In an exemplary embodiment, the present invention provides a method for conducting network selection and/or cell selection of a user equipment with regard to a mobile communication network. The mobile communication network comprises or uses or is associated or assigned to a radio access network comprising at least one base station entity being an air-based or a space-based base station entity. The network selection and/or cell selection of the user equipment is conducted in a location-dependent manner, depending on the location of the user equipment. The method comprises the following steps: in a first step, the user equipment receives at least one radio signal being related to or indicative of the location of the user equipment, and detects or derives a location-related information from the radio signal; and in a second step, the air-based or space-based base station entity is used, by the user equipment and in view of network selection and/or cell selection, in dependency of the location-related information detected or derived by the user equipment.
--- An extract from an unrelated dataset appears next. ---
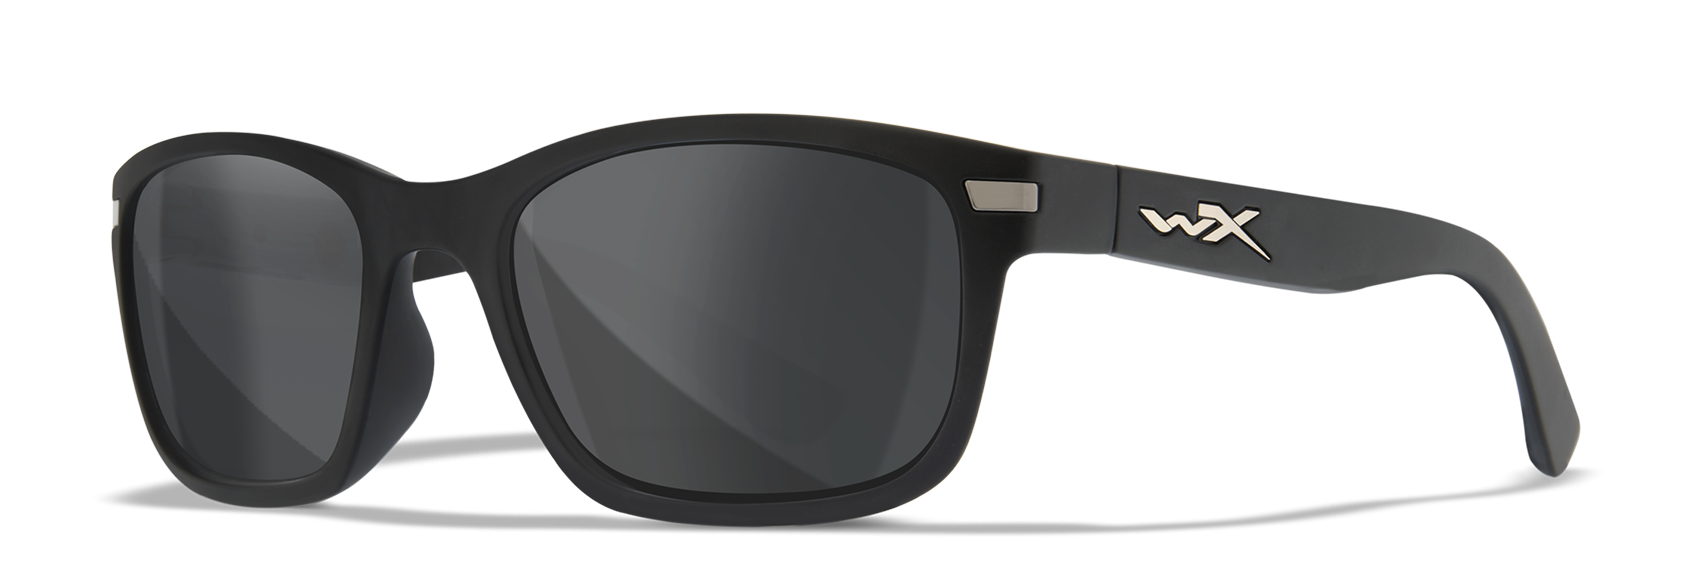 Wiley X WX Helix Matte Black Polycarbonate Sunglasses

BRIEF DESCRIPTION OF THE DRAWINGS

Subject matter of the present disclosure will be described in even greater detail below based on the exemplary FIGURES. All features described and/or illustrated herein can be used alone or combined in different combinations. The features and advantages of various embodiments will become apparent by reading the following detailed description with reference to the attached drawings, which illustrate the following:

FIG. 1 schematically illustrates the situation of a mobile communication network and an associated user equipment at or near a border, e.g. between two countries.

DETAILED DESCRIPTION

Exemplary embodiments of the present invention provide a technically simple, effective and cost-effective solution for conducting network selection and/or cell selection of a user equipment with regard to a mobile communication network, wherein the mobile communication network comprises or uses or is associated or assigned to a radio access network comprising at least one base station entity being an air-based or a space-based base station entity. Further exemplary embodiments of the present invention provide a corresponding user equipment, system or mobile communication network, and a corresponding program and computer-readable medium.
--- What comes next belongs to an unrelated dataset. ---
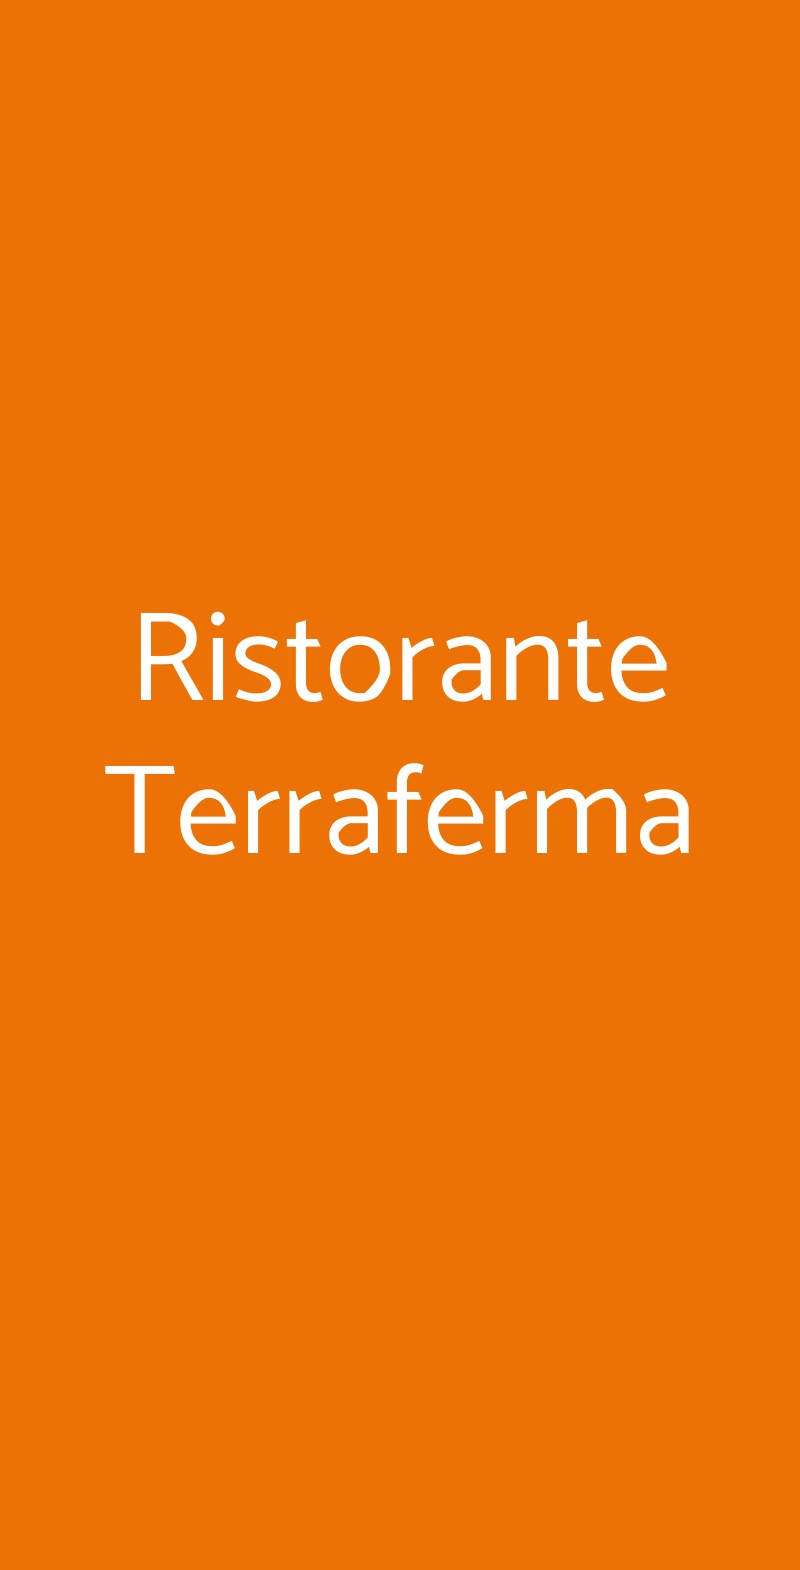 Ristorante Terraferma Milano menù 1 pagina

Exemplary embodiments of the present invention is achieved by a method for conducting network selection and/or cell selection of a user equipment with regard to a mobile communication network, wherein the mobile communication network comprises or uses or is associated or assigned to a radio access network comprising at least one base station entity being an air-based or a space-based base station entity, wherein the network selection and/or cell selection of the user equipment is conducted in a location-dependent manner, depending on the location of the user equipment, wherein, in order to conduct the network selection and/or the cell selection in the location-dependent manner, the method comprises the following steps:

• • in a first step, the user equipment receives at least one radio signal being related to or indicative of the location of the user equipment, and detects or derives a location-related information from the radio signal,
  • in a second step, the air-based or space-based base station entity is used, by the user equipment and in view of network selection and/or cell selection, in dependency of the location-related information detected or derived by the user equipment.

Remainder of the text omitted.